Book review: Grit

How many coffee chats?

It wasn't a short book, but I would estimate 5-10 chats just to get a download of the key takeaways. As with a lot of psychology related books, there are a lot of really fun examples, but not all are necessary to comprehend the main points, which are also usually pretty intuitive to understand.

You'll benefit from reading this book if...

  • Your children are currently in middle school, or just stared high school. One of the key takeaways is that the work ethic that students build (mostly pre-college) will help develop the necessary grit that carries on for a lifetime.
  • People who want to see results. Yes, sometimes you can applaud yourself for simply trying hard. But did you really try hard enough if you didn't stick it out until you saw real results? This book will help you understand that the path to expertise, success, and otherwise great results are often times painful, repetitive, and boring.
  • People without passion. I resonate most with this category. Throughout high school, college, and early years of my professional career, I didn't have a true passion for anything specific. I enjoyed learning about physics, but there would be kids who are somehow doing extra work and winning olympiads. I enjoyed playing field hockey and running the 110m hurdle, but there would always be a fellow teammate with immense talent and passion who would be willing to put in 2-3x more effort into improving their records. I played the violin from age 7, but hated taking lessons for as long as I can remember. I didn't have outstanding passion in anything I did. What this book taught me is that grit comes in two folds - passion and perseverance. Passion alone won't take you very far, but neither will only perseverance. Also, the path to finding your passion is rarely something that you get easily, but more like a "compass -- takes you some time to build, tinker with, and finally get right, and that then guides you on your long and winding road to where, ultimately, you want to be." I think I only recently realized what this is at age 29, and it's given me more clarity in the last 3 months than the previous years combined.
  • College and professional athletes.

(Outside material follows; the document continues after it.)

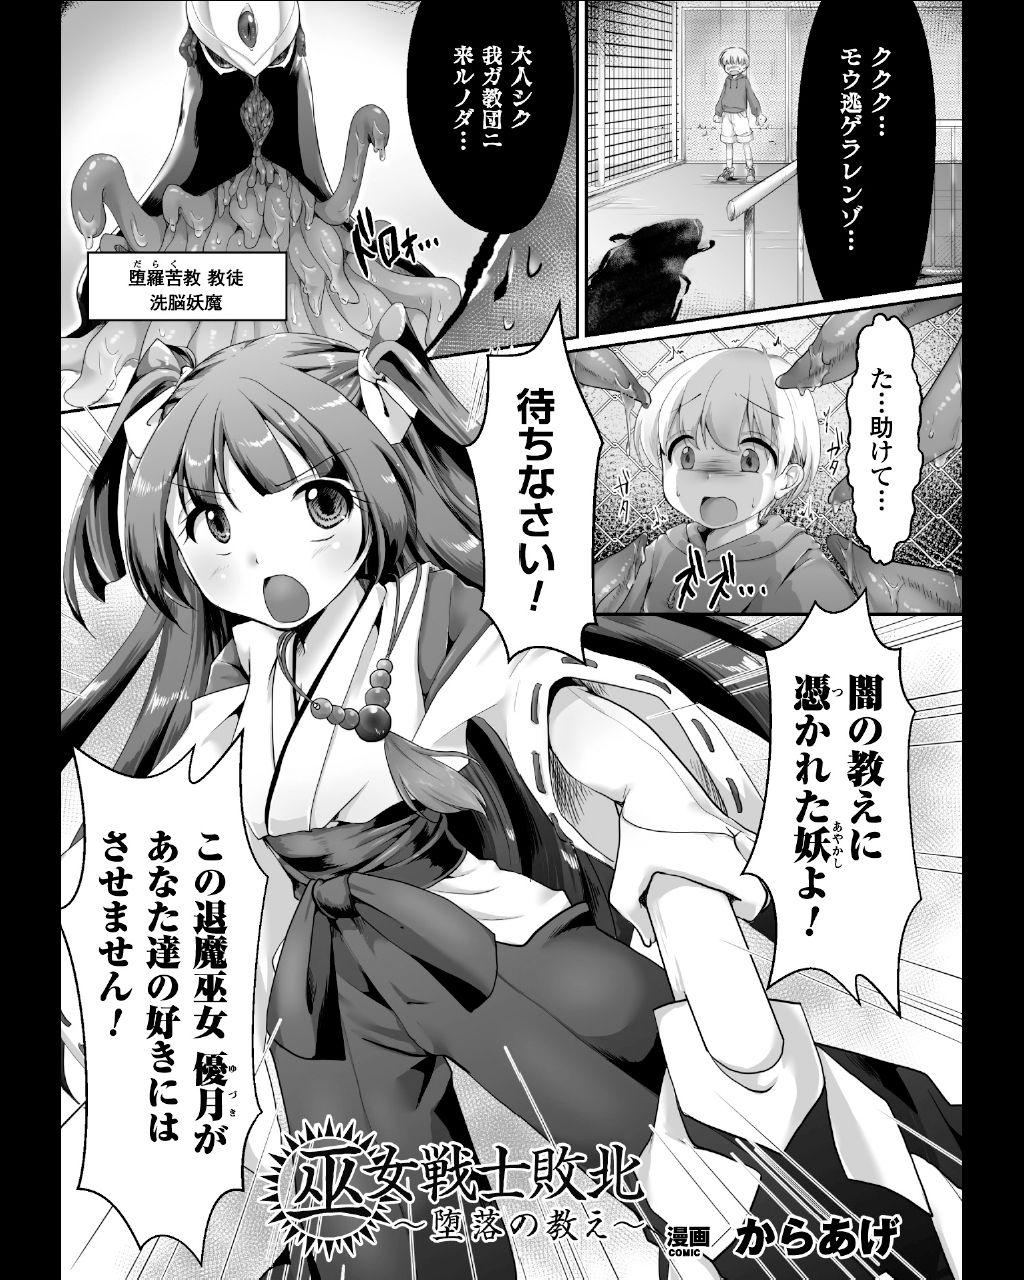 Seigi no Heroine Kangoku File Vol. 11 24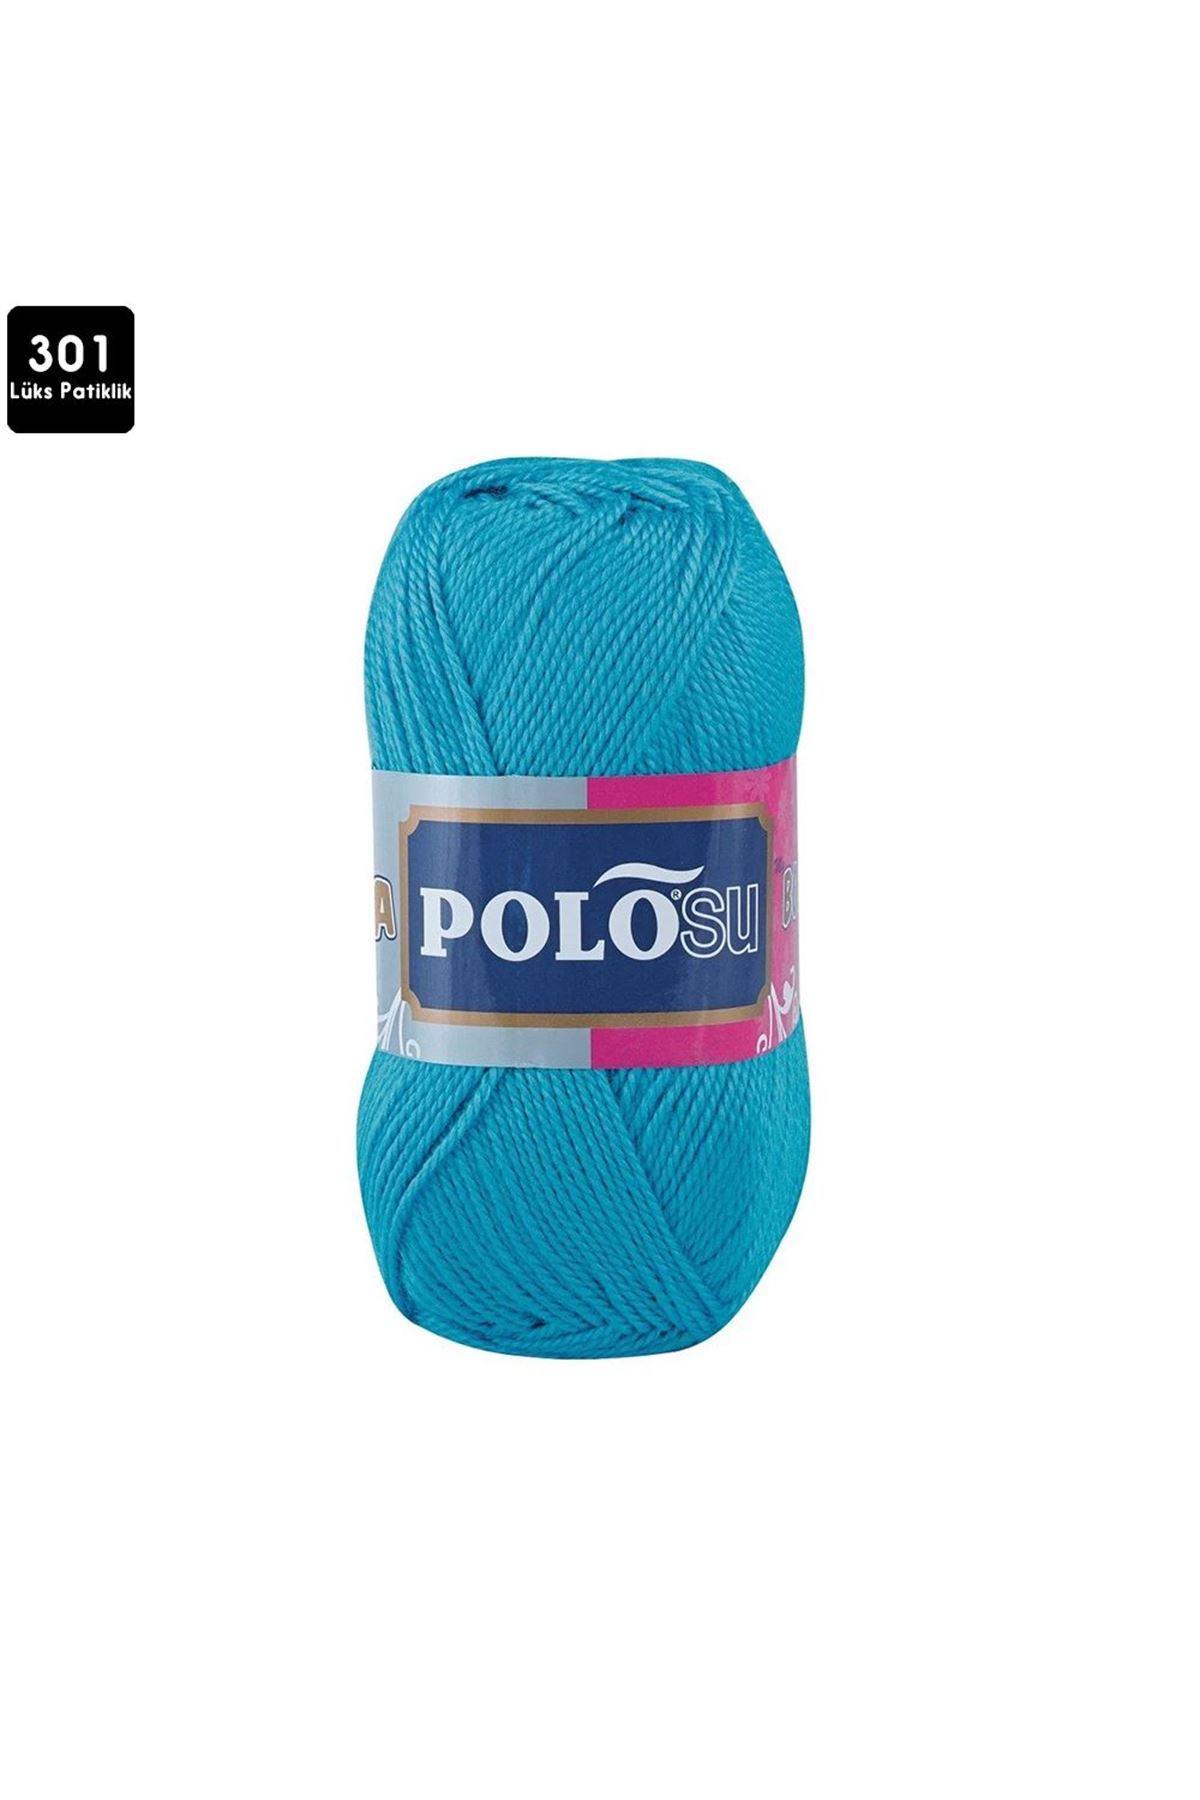 PoloSU Lüks Patiklik Renk No:301

I wasn't one, but I have so much respect for these people. And so does Angela Duckworth. Perfecting the art of an athletic skill takes the passion, perseverance, and deliberate practice over the course of months, if not years. It truly epitomizes grit to be able to get up and push your physical limit a tiny bit every day.
  • People who feel burnt out. Recently, I had a conversation with someone who had attended an extremely competitive high school. He said he saw his classmates push themselves hard, and learned to do that for himself too. He regretfully said he missed out on his youth because of the constant academic pressure. I think this book gives a gentle pat on the shoulder to the bunt out. While they may be burnt out today, they now know the art of deliberate practice. They should be able to apply it to anything else they set their mind to.

Why you should read anything from this author

  • Science. Most of the findings in this book have been discovered/confirmed through the scientific method - forming a hypothesis, conducting a controlled experiment, then being published in a peer reviewed journal. I trust the scientific process to have outputs that are objective and lasting, until proven otherwise.
  • She's humble. Or is really good at humble bragging. But either way she attributes her success to her grit, and not much else. I personally trust people more when they are humble since generally I find these people to be more grounded in facts and reality than narcissism.
  • She was an educator. She quit her McKinsey job and took a sharp pay cut to become a math and science teacher in NYC and SF (I seriously respect this). Not only that, some interesting first-hand experience from her teaching days were shared in the book that supports the argument. The kids with talent would understand the material much quicker, but the kids with grit - who stayed behind to ask questions, who put in more energy to their assignments, who ask for more challenges beyond the class work - were the ones who ended up acing the courses.

Why you'd want to take this with a gain of salt

  • Grit might not be your life goal. Grit may be the shortest path to a well-defined success in a competition or skill mastery. But to others, success may mean enjoying the process, meeting new people, and learning new things.